Task instructions: From the records below, output exactly the lines starting at the line with "Mexican fan palm" and ending at the line with "Read online The", both of them included, but no pictures.

Source information:
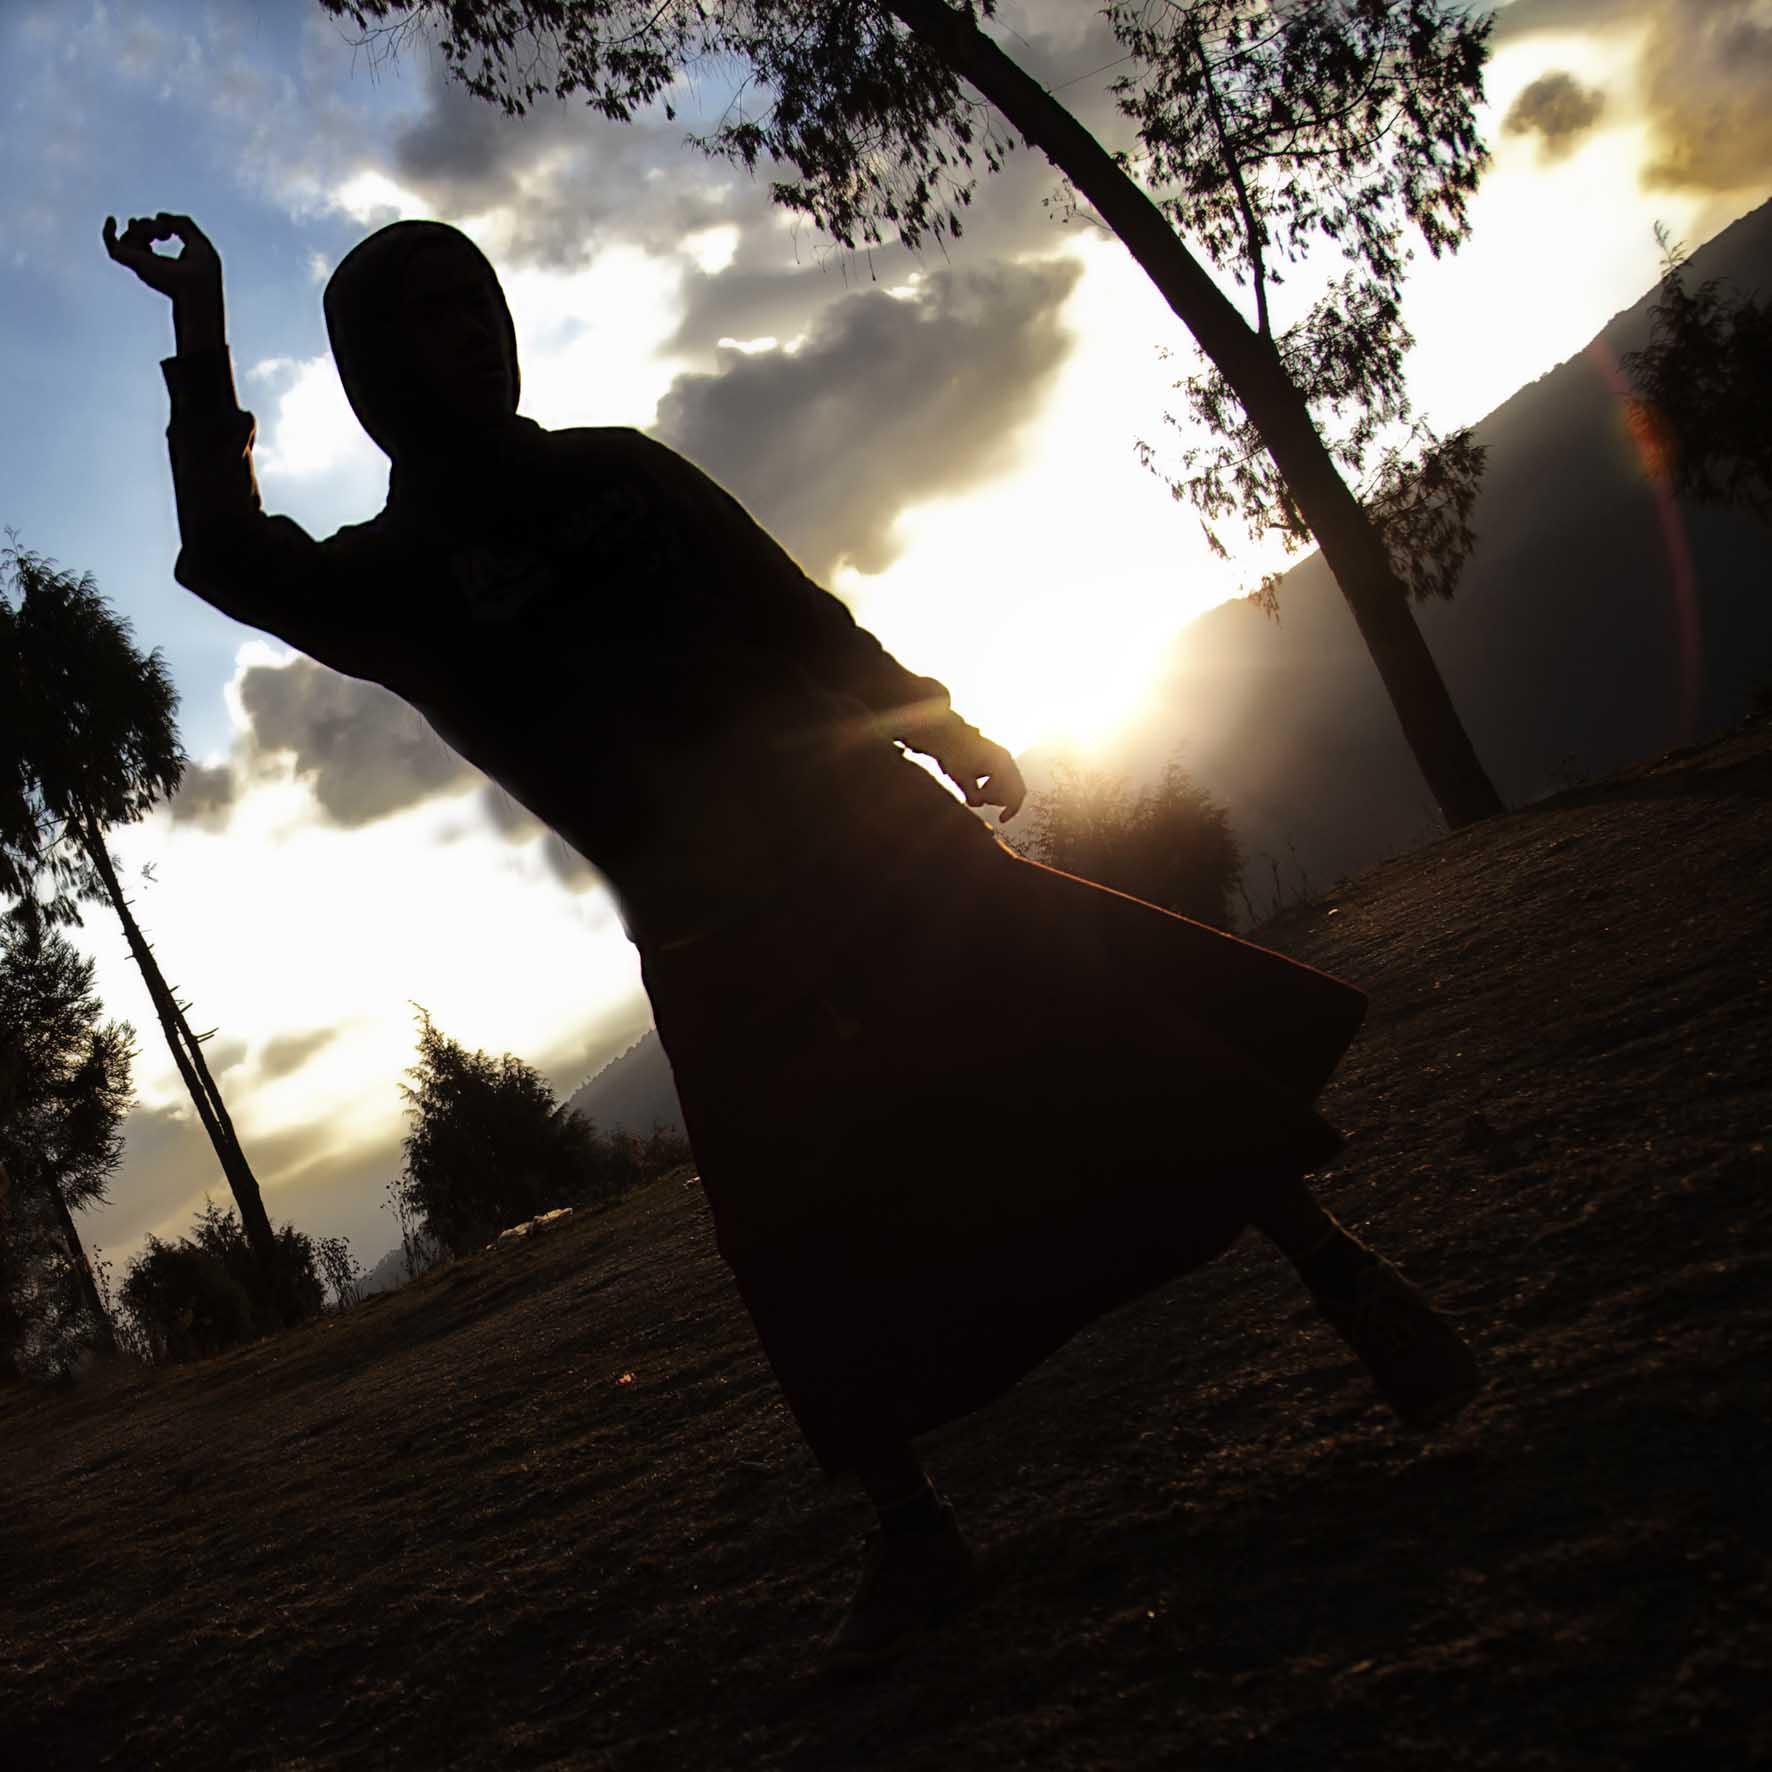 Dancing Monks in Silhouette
--
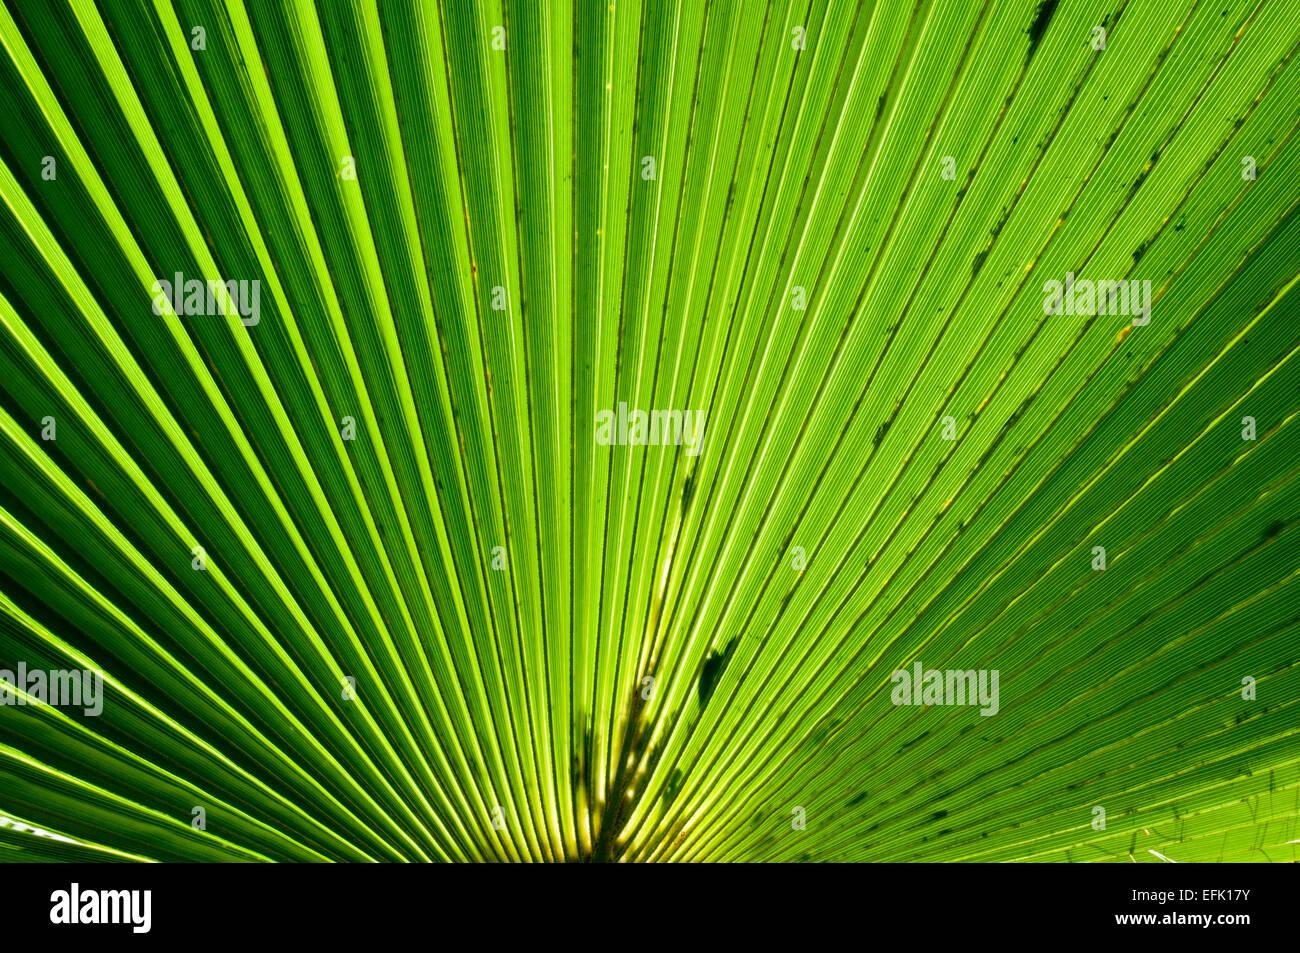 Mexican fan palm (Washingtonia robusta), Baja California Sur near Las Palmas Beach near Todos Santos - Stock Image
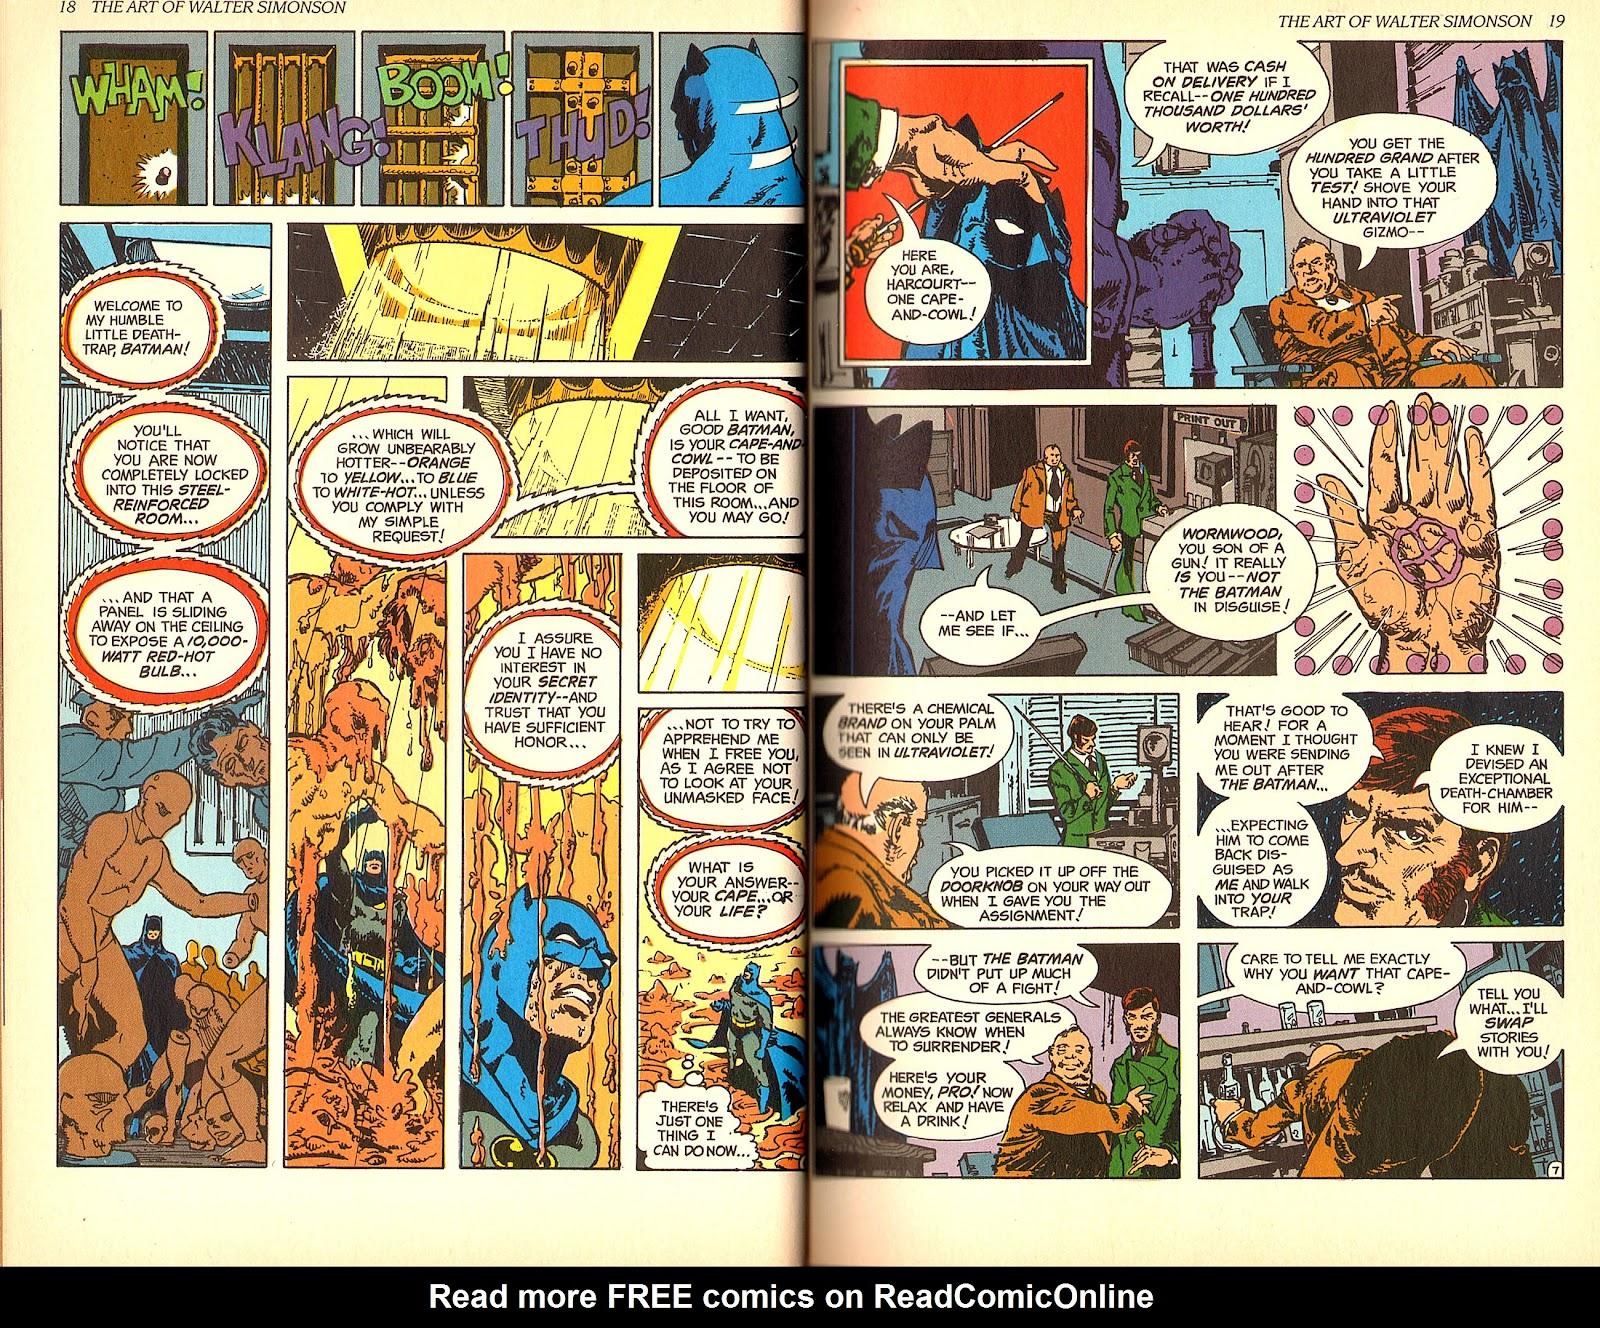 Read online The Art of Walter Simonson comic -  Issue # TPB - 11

Solved exercise:
 Mexican fan palm (Washingtonia robusta), Baja California Sur near Las Palmas Beach near Todos Santos - Stock Image
 Read online The Art of Walter Simonson comic -  Issue # TPB - 11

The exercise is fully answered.